The readings today, develop the same thought in three wonderful dimensions:

Being Saints means... being aware of who we are! O Christian, realise your dignity! We are children of God, reminds St. John in his letter, in the second reading. God has chosen us from eternity, before the foundation of the world! This is an initiative from God our Father and Mother, who creates us and wishes that we share in God's love and ever remain in God's image and likeness, as children of the loving God.

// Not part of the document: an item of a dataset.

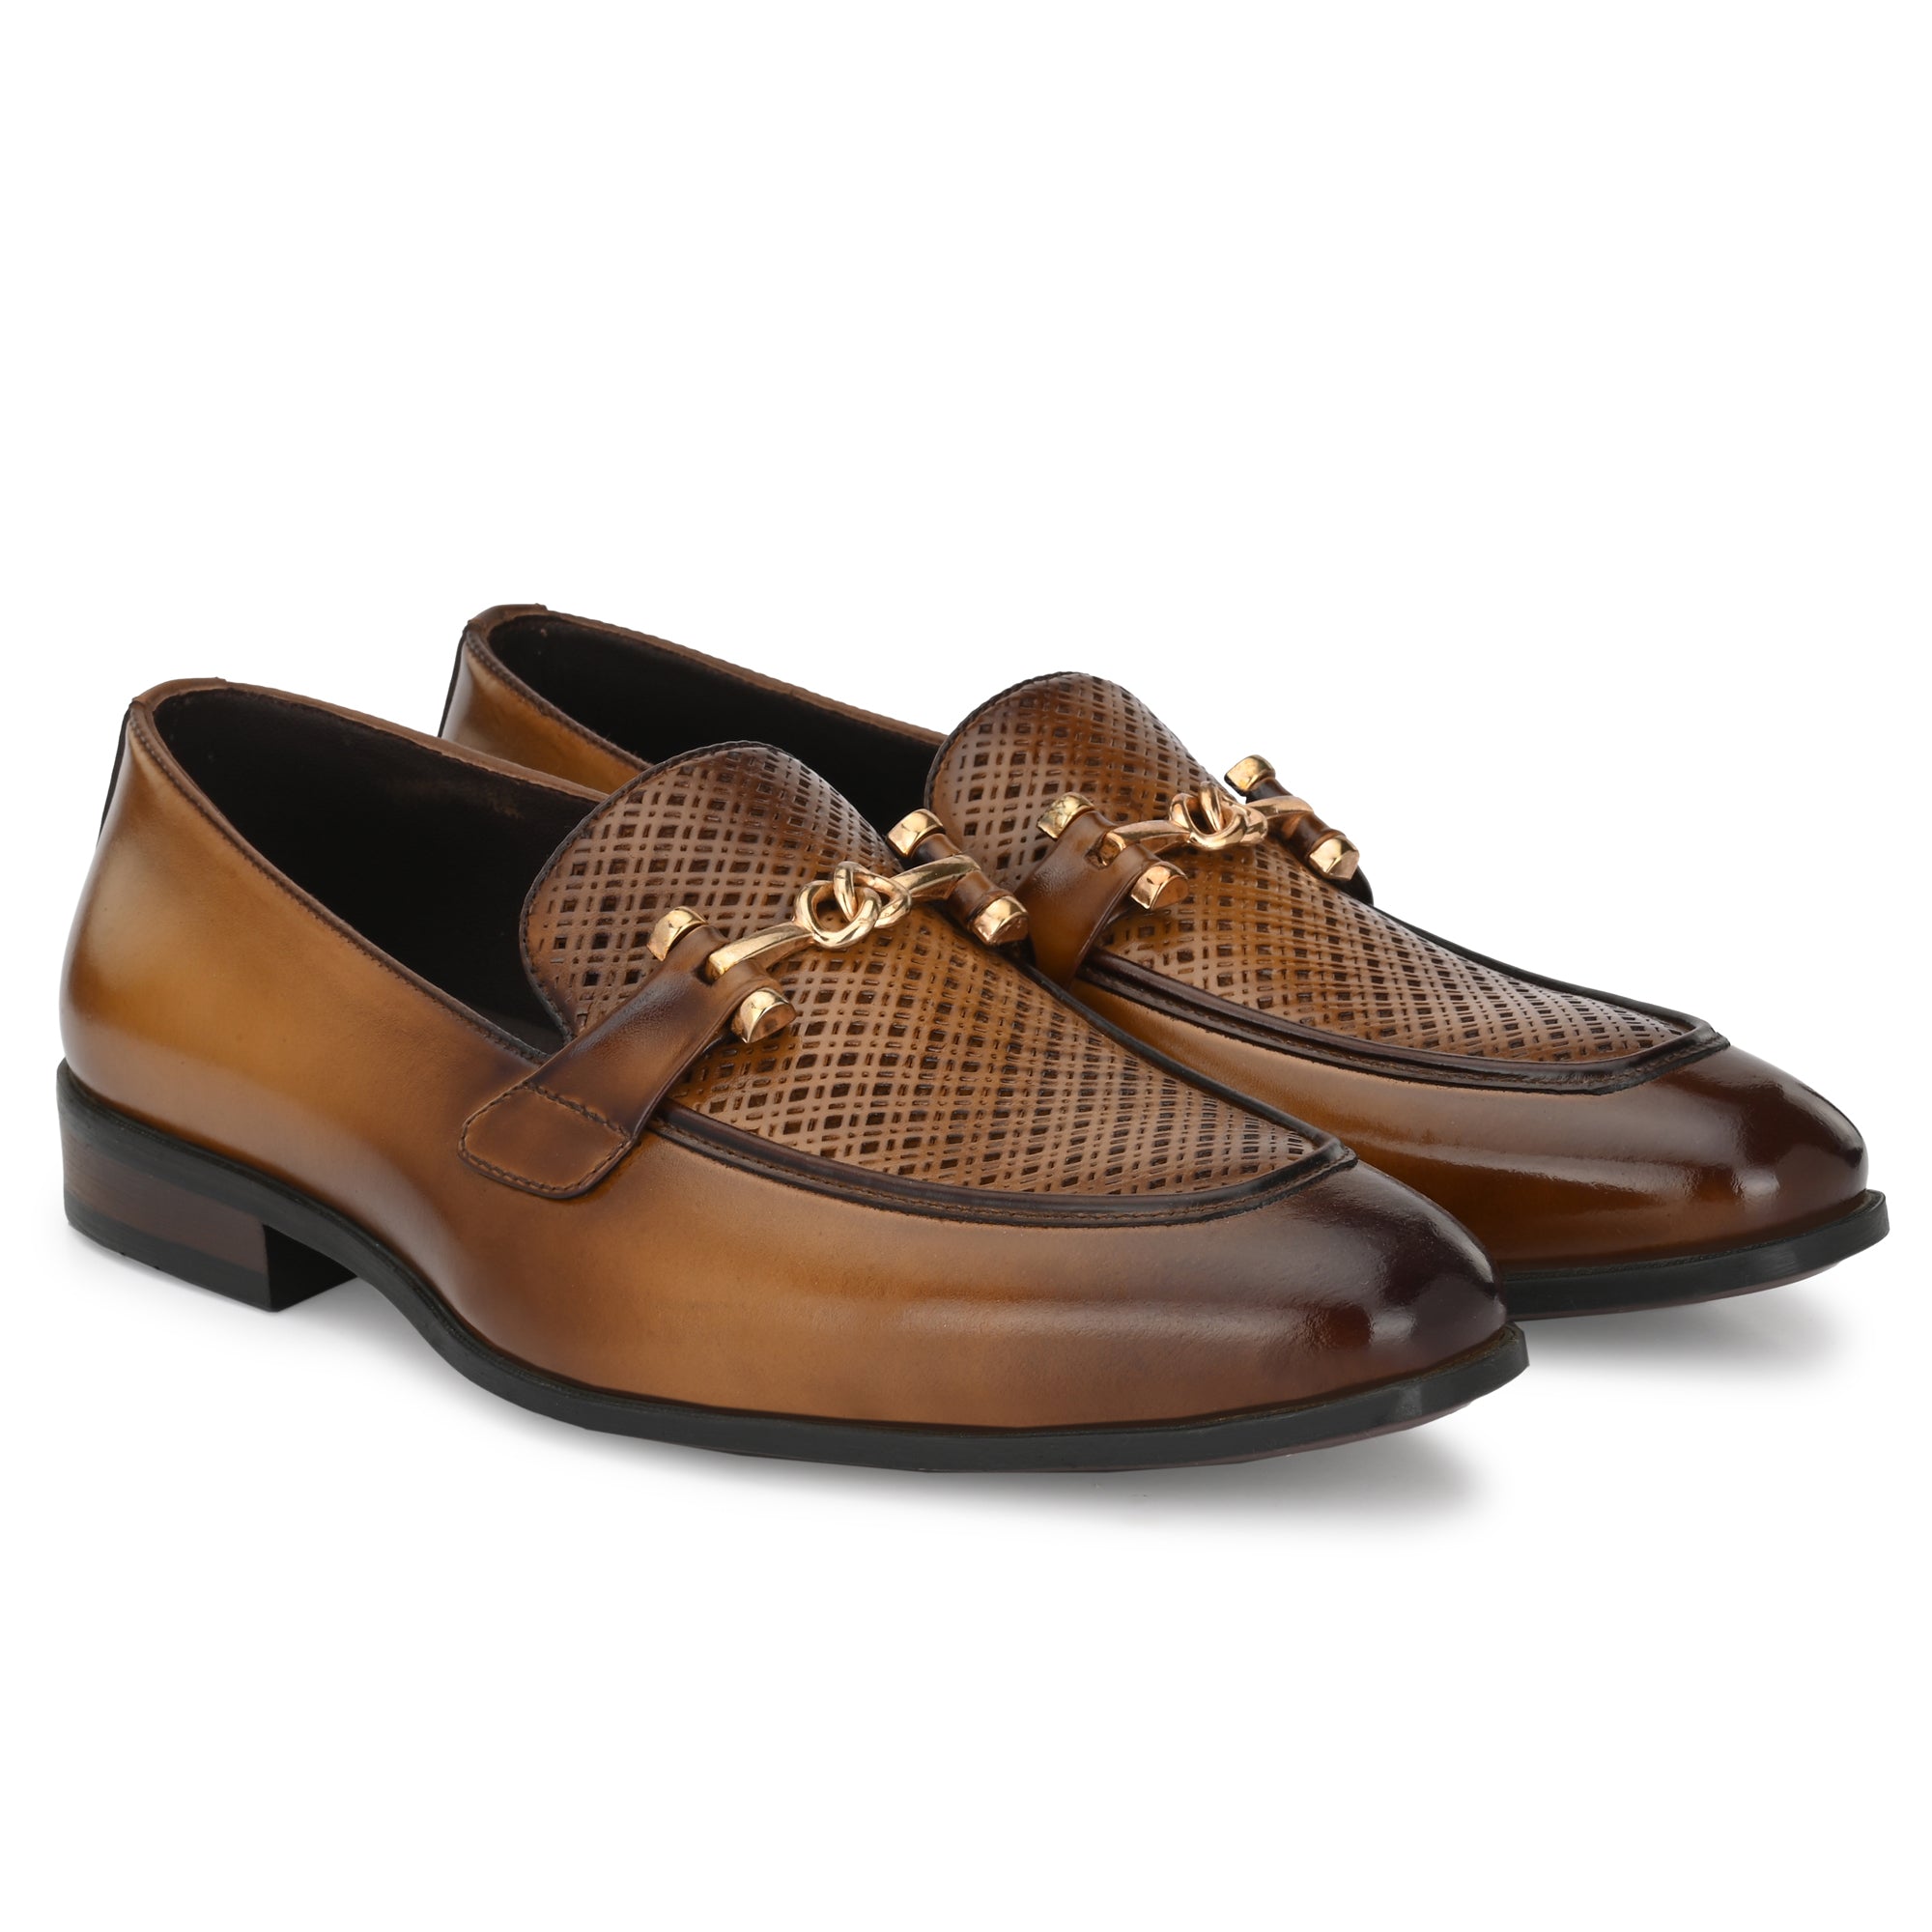 Buckled Formal Loafers For Men by Egoss

Being Saints means... being washed by the blood of the Lamb! The Image of God within us, sometimes is disturbed, smudged, smeared or sullied by the choices we make misusing the human freedom that is granted to us. The evil one will be more than happy when we lose heart at such moments and give up. The Son of God, our Saviour Jesus Christ shed his blood that we may have victory over sin and death. In that blood we are saved, and in that blood we are made clean, each and every time we turn to the Lord in genuine repentance and willingness to regain our original image. Saints are those who have their garments washed in the blood of the Lamb, says the second reading.

Being Saints means... being 'blessed' in the eyes of the Lord! And the only way to be 'blessed', is to live by the promptings of the Spirit who dwells within us. Paying attention to the indwelling Spirit, we will know what it means to be blessed - to be poor in spirit, to be meek, to hunger and thirst for righteousness, to be merciful, to be peace-loving - these are ways of being persons of the spirit. In the ordinariness of our daily life, we have to be persons of the Spirit, looking at the reality different from the way the self seeking world teaches us to. 

God's initiative in the call that I have received; Christ's redeeming act of Salvation; the Spirit's indwelling presence that guides me on a daily basis - these are compelling reasons why I need to think seriously about, not merely becoming a saint one day, but being a saint everyday, in my own way!